Tell me who you feel closer relationships with if you were French, Quebec or Italy?

I did not even mention ONCE anything racist, and you jumped on it as if I was a member of the Hitler youth.

-_-

Geography does not mean actual proximity in terms of cultural mindset. Religion whether you like it or not is a huge cultural differentiator, look at the statements that are made simply between Catholic Europe, Orthodox Europe, and Protestant Europe, about how different the cultures are. These are only compounded by religion.

Or are you going to argue that Poland has closer links than, for example, France than France has with Subsaharan West Africa because they are closer geographically.

:|


----------



## AdamChobits (Jun 7, 2006)

eklips said:


> To compare the Morocco-Spain relations with the Morocco-Philippines relations is laughable.
> 
> This is like Japan saying they are closer to Germany or Peru, because of the historical links between these countries, than with China.


We are Comparing Morocco-Spain relationships with Philippines-Spain relationships 

And your comparison is not correct. Japan have not been centuries colonizing and influencing Germany or Peru. But Spain in Philippines did.


----------



## DonQui (Jan 10, 2005)

Redalinho said:


> mile Durkheim affirmed that "the future cannot be evocated from nothing". When we approache the relations between Morocco and Spain, historical realities are impossible to circumvent.
> 
> Indeed, between the two banks of the Mediterranean, there are no people which have in comon so many historical and cultural interferences like Morrocans and Spanish. Because of that, we often intends that "these two people are condemned to get along". But the understanding supposes knowledge, the dialogue and the mutual respect, banishing all the complexes inherited since the medieval ages. Admittedly strong points in the common history of the two people had drawn up psychological barriers at certain categories of the Spanish public opinion which still convey, by ignorance, of the stereotypes and the stereotypes on Morocco and the Morrocans. These psychological barriers emerge each time the topicality points out the existence of litigious files between the two countries.
> 
> Any citizen and militant of the humans right, which got excited of justice and legality, have the duty to act for the improvement of the relations between this two people, by beginning a serene debate on all the litigious files which oppose them. Because the conclusion which we can draw while following the reactions from a broad part of the Spanish public opinion through the press, television and the Internet, it is that the real problem lies in a deficit of knowledge maintained sometimes, by opportunism, by some politicians. These politicians need to contemplate this reflexion of the French politician Edgar Faure when he said that "Controling is envisaging". This ignorance of the files is also maintained by some media, which with the contempt of any deontology of the profession, "abrutissent" their readers by false opinions on Morocco and the Morrocans. It seems, like confirmed it well a Spanish journalist that unfortunately "the negative image of Morocco can be easely sold in Spain" ...

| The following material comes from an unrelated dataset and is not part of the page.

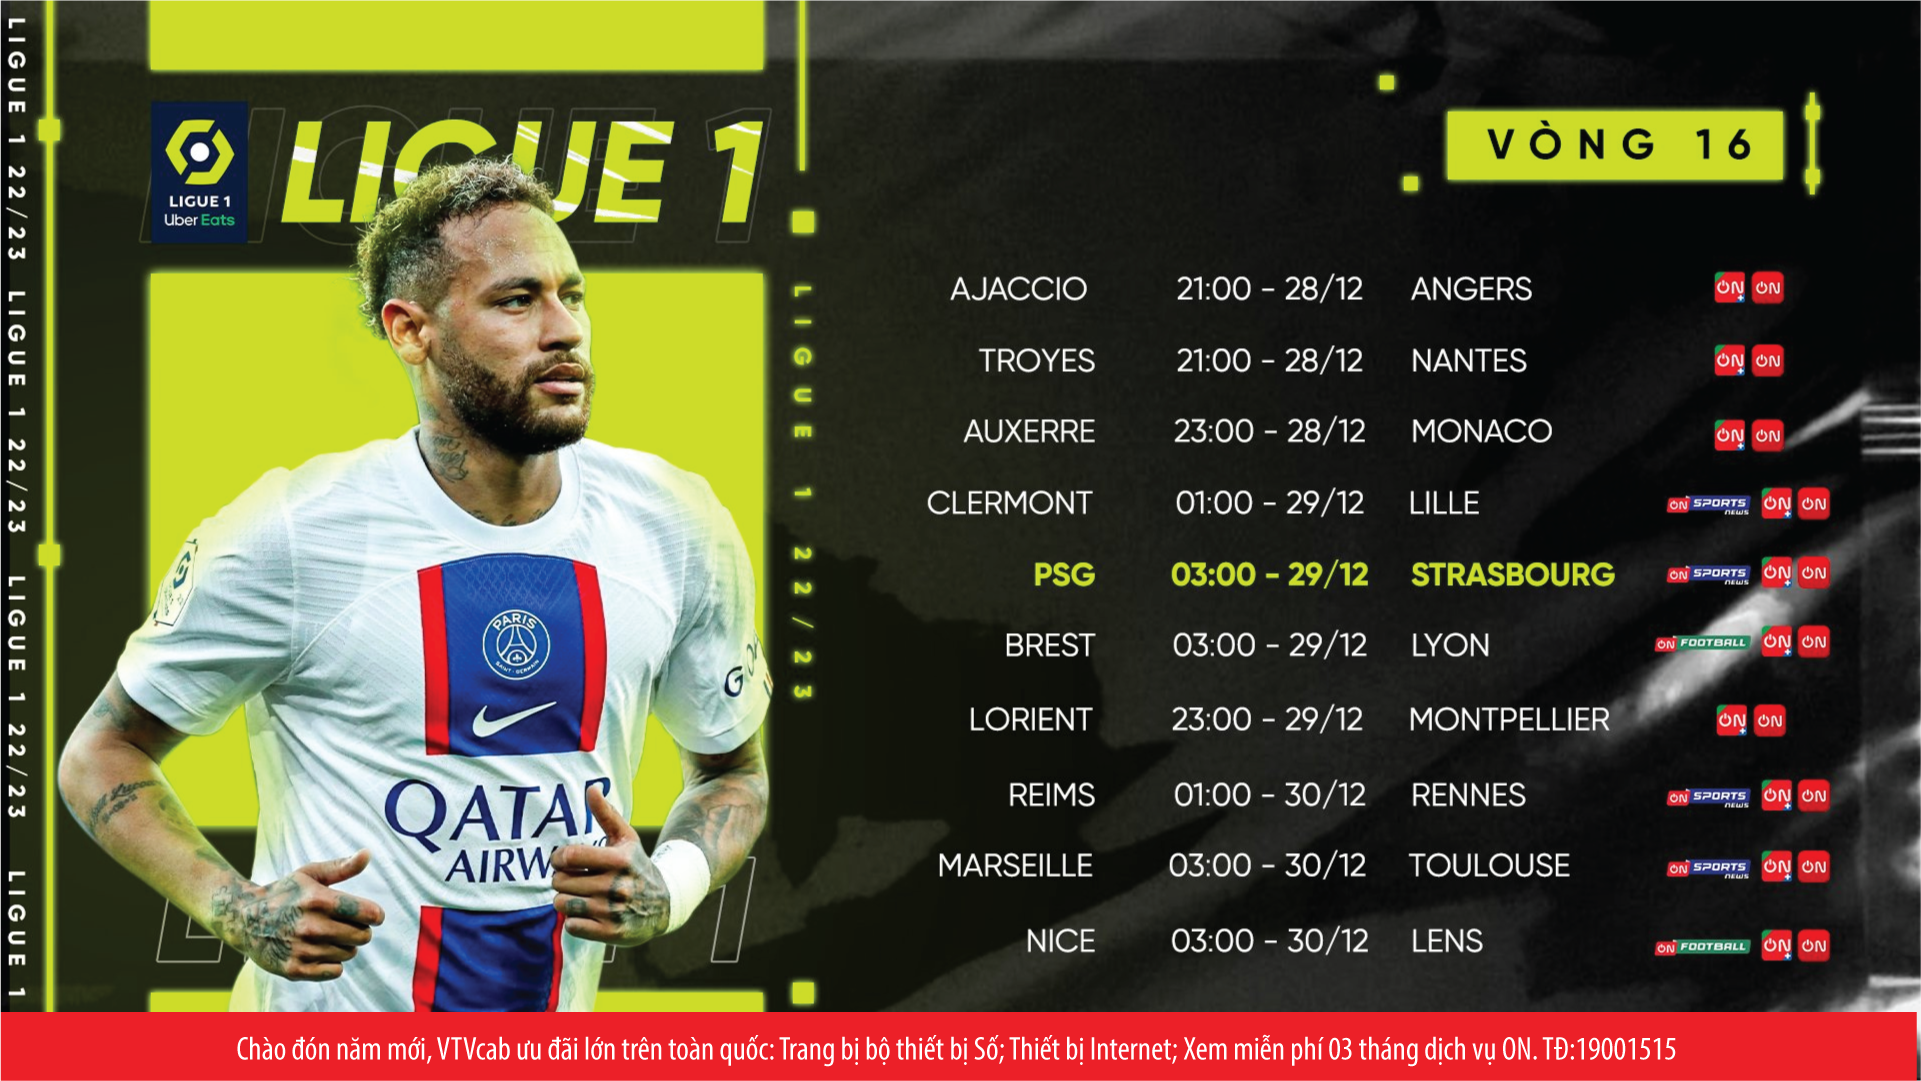 Lịch thi đấu Ligue 1 trên VTVcab. Ảnh VTVcab

Ignorance is a two way street my friend. Considering that people have access to a free press in most of Europe and not in Morocco (and most of the rest of the Arab world for that matter), this is one of the many things that creates a gulf of understanding on both sides of the straights of Gibraltar.


----------



## eklips (Mar 29, 2005)

DonQui said:


> :|
> 
> Tell me who you feel closer relationships with if you were French, Quebec or Italy?
> 
> ...


As a matter of fact I was not even thinking about you but about this adamwowei guy.

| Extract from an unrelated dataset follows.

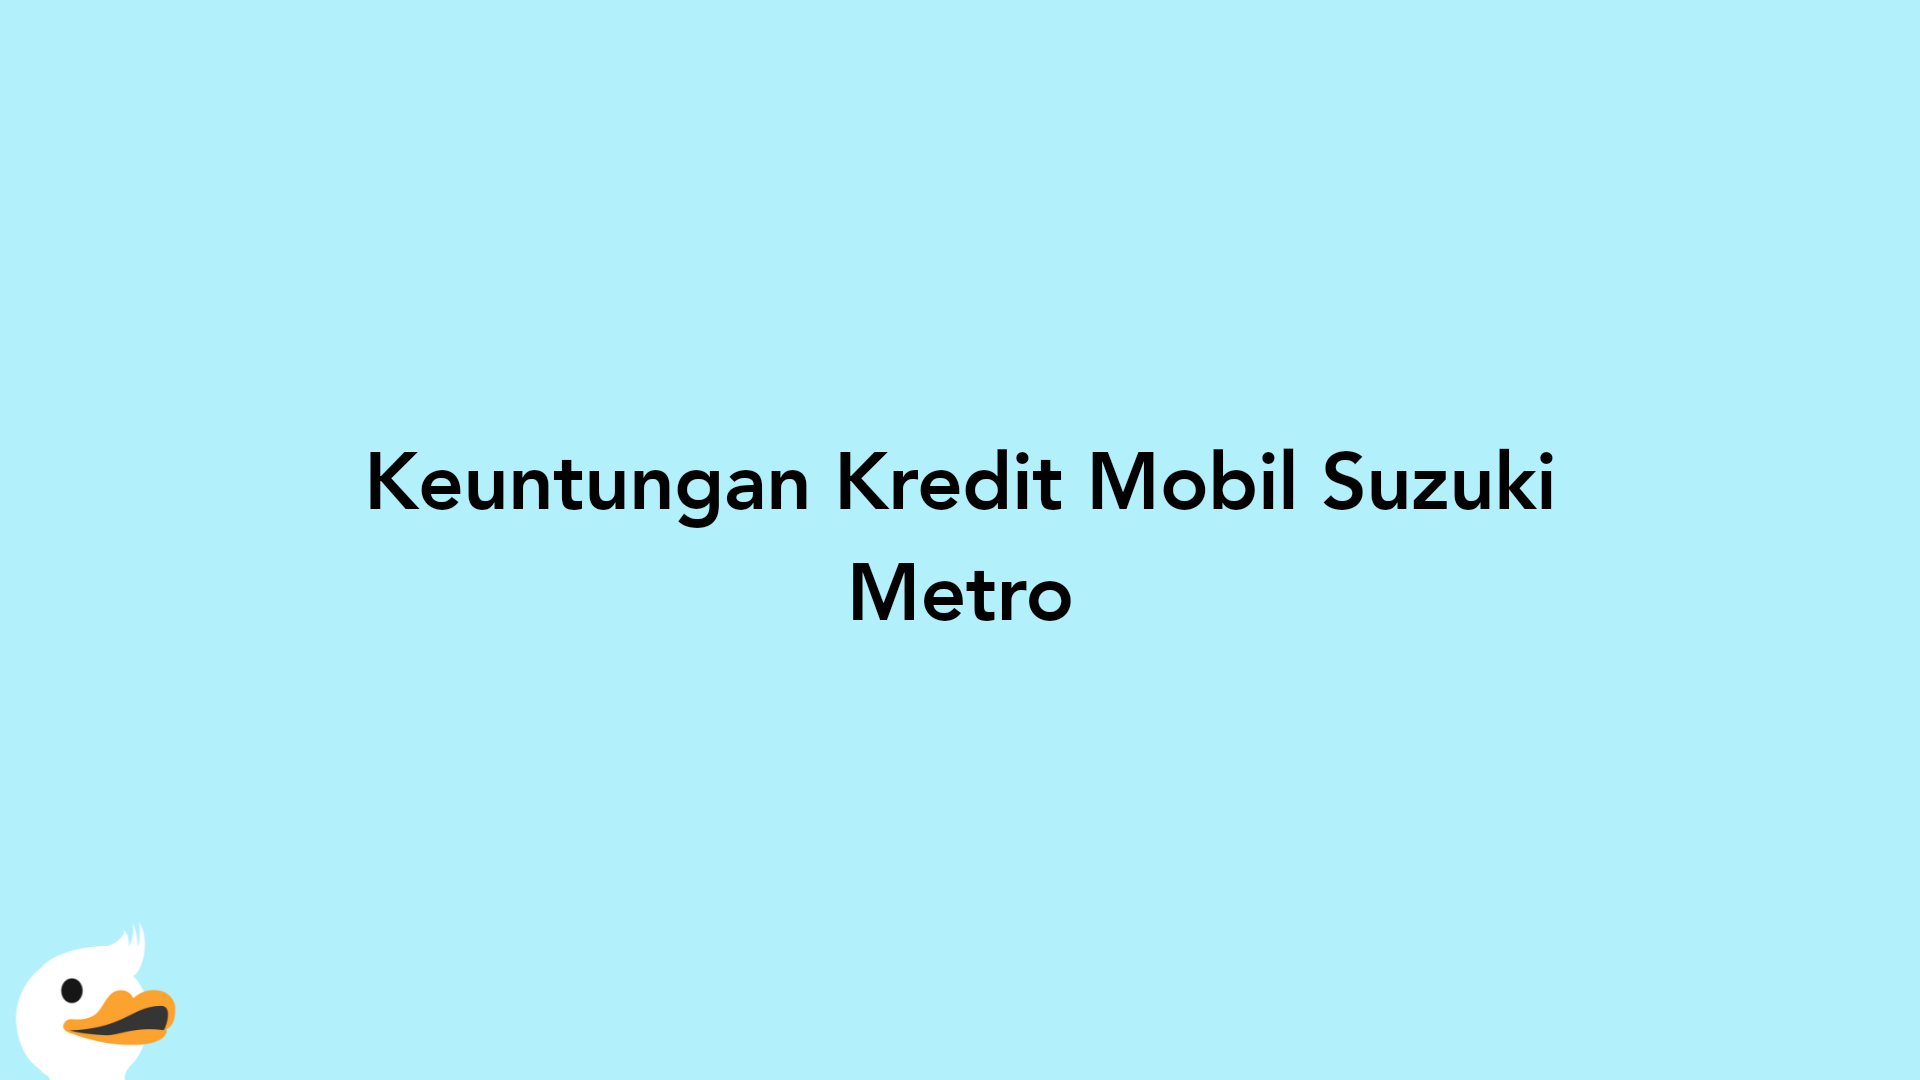 Keuntungan Kredit Mobil Suzuki Metro

Anyways, I feel closer to Italians. The only thing that I have in common with Quebecers is the language, that is all, for the rest they are average north americans and I feel closer to my neighbors. The overwhelming majority of Filipinos that I met in the US (the only place where I did meet some) didn't speak a word of spanish, just tagalog and english. 

Yes religion is very important, but it isn't the sole factor that makes a place "similar" to another.

You cannot compare France and Poland with Spain and Morocco. Because France and Poland are not neighbors and never has one occupied or conquered the other. A better comparison would be Russia and Poland, and Poles are much closer to Russians than to Irish or Portugeses, even if they don't like it because of recent history.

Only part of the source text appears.